The biggest player by far is Pentwater Capital Management, which controls $1.2 billion of that debt, or 37.9 percent of the ad hoc group’s holdings. Pentwater is run by chief executive and investment officer Matt Halbower, who founded the fund in 2007 and now oversees more than $3 billion in assets, with an emphasis on distressed investments.

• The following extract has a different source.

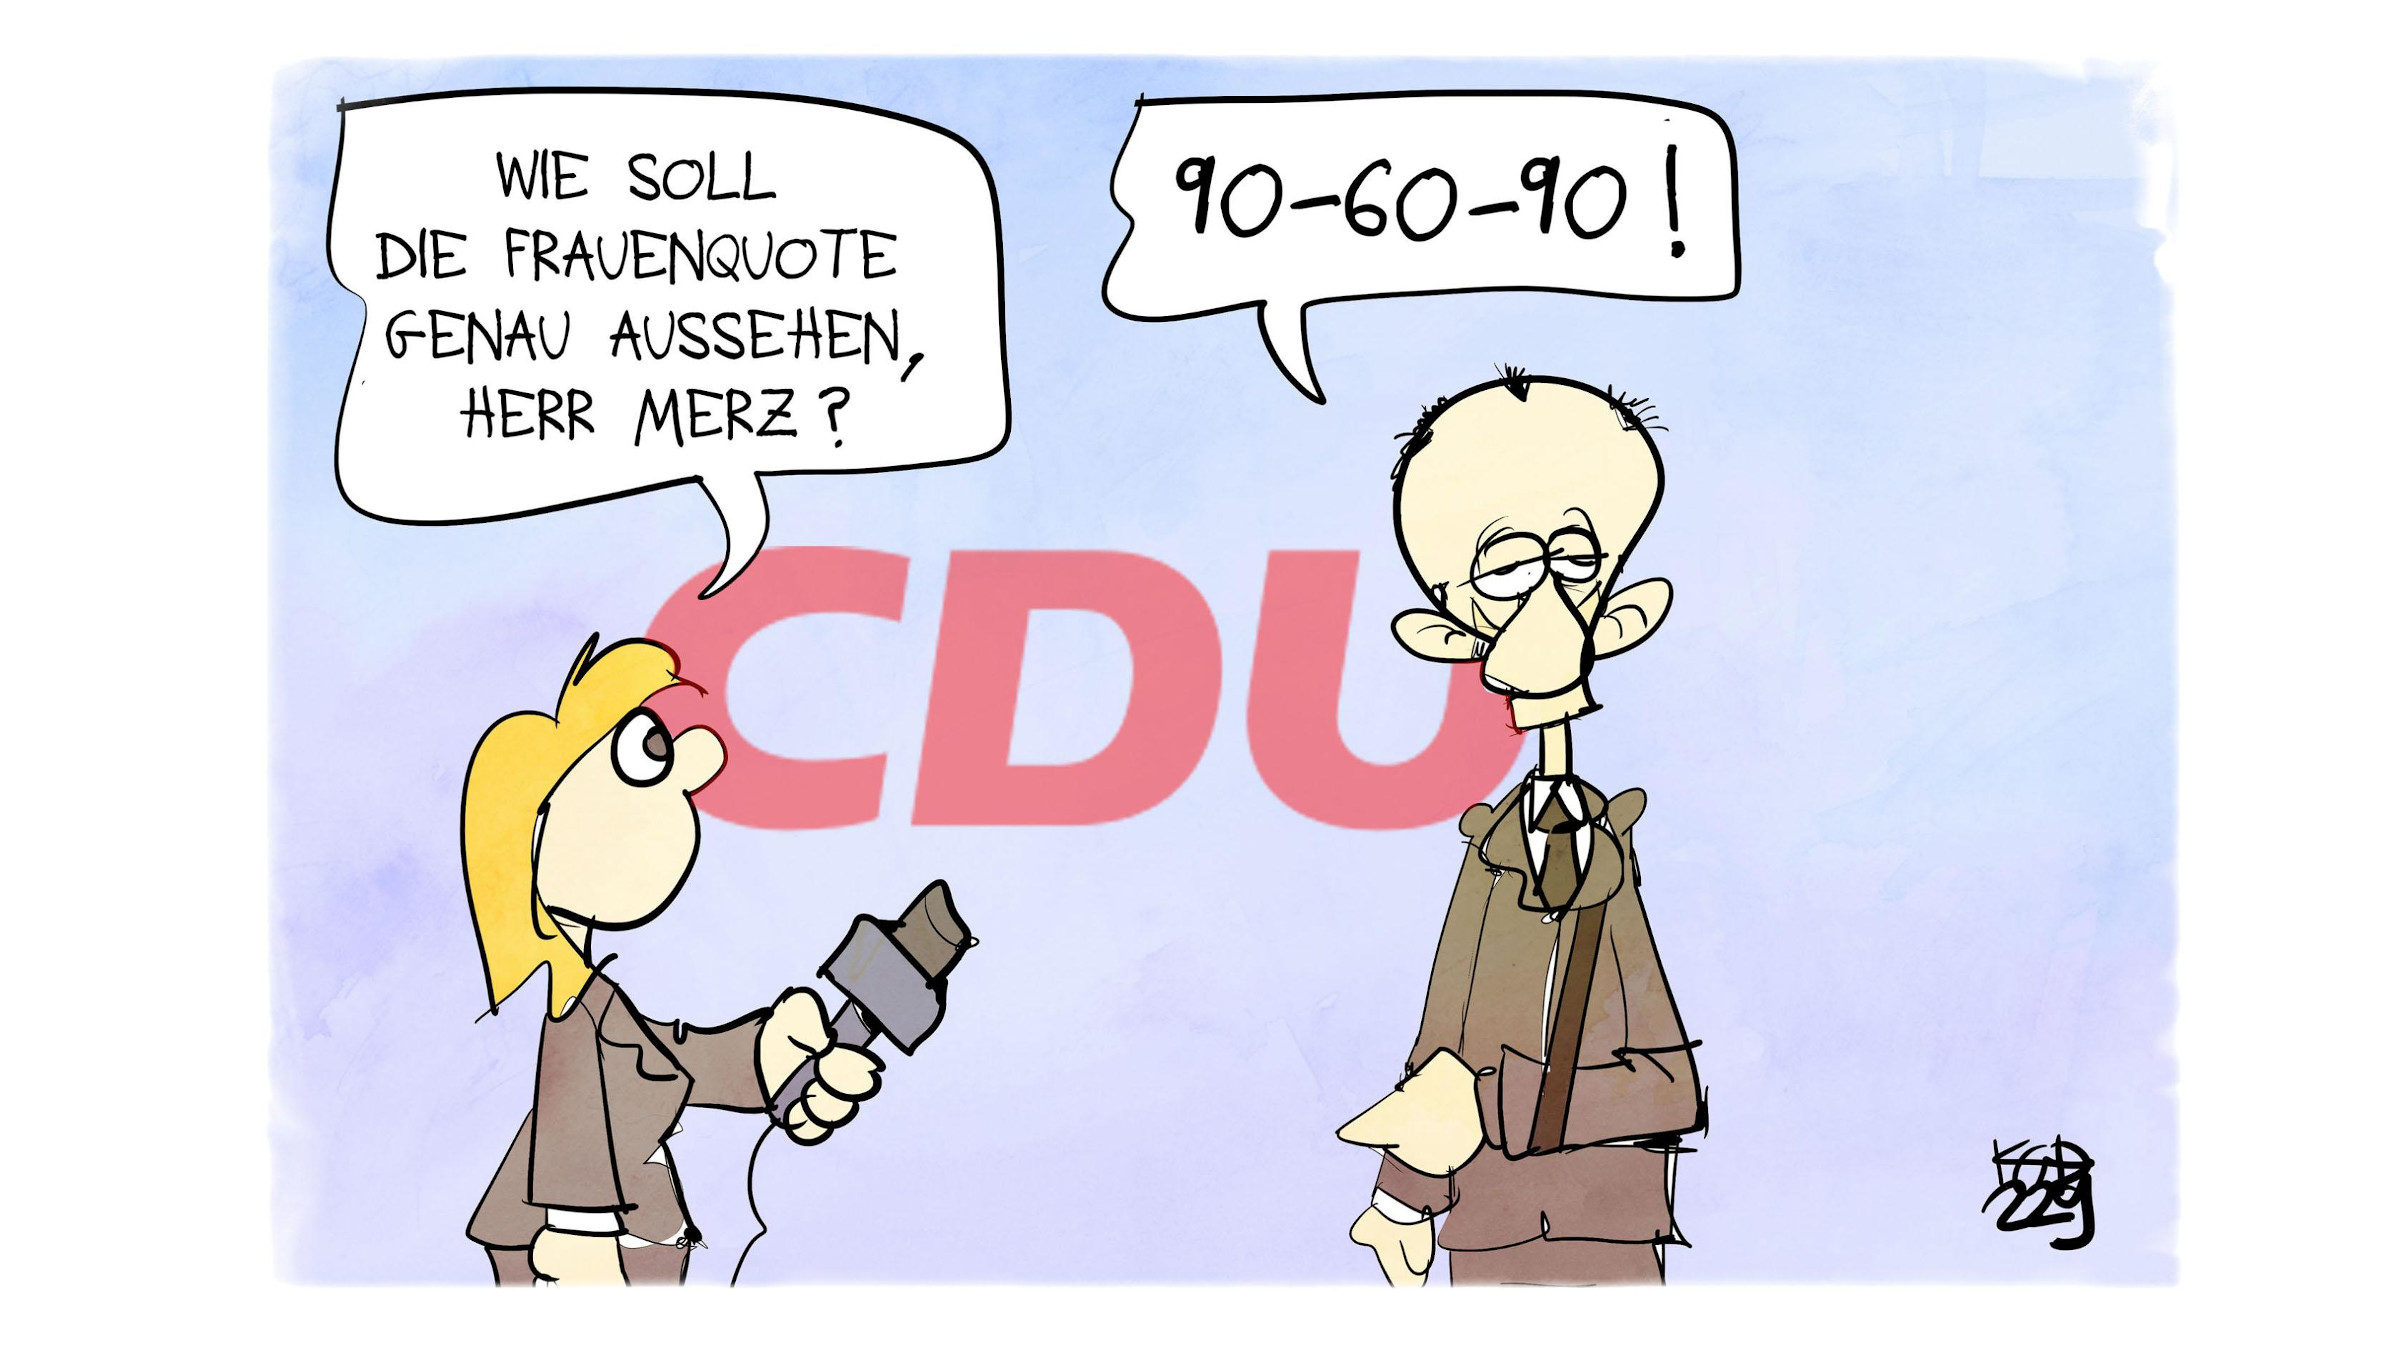 Zu sehen ist die Karikatur "Frauenquote" von Kostas Koufogiorgos. Eine Reporterin fragt CDU-Chef Friedrich Merz, wie eine Frauenquote aussehen soll. Er antwortet darauf "90-60-90".

FFI Fund Ltd. holds $553 million, or 16.8 percent, of the ad hoc group’s debt and XYQ US holds $414 million, or 12.6 percent. Six of the other investors in the ad hoc group each hold a single-digit stake in the retailer. The final member of the group, Fidelity, owned $99 million in Saks Global debt in January, but has since whittled that down to $10 million, or 0.3 percent of the group’s holdings.
Saks Global succumbed to bankruptcy just a year after loading up with debt to buy Neiman Marcus Group for $2.7 billion.
Neiman Marcus, at least, has been through this process before.
After more than a decade of being passed around between financial investors and seeing its balance sheet weighed down with the resulting debt, Neiman Marcus slipped into bankruptcy in 2020 as the pandemic shut down retail. In that case, the lenders going into the case became the owners when the company reemerged and successfully operated the business before selling it to Richard Baker and Saks Global in late 2024.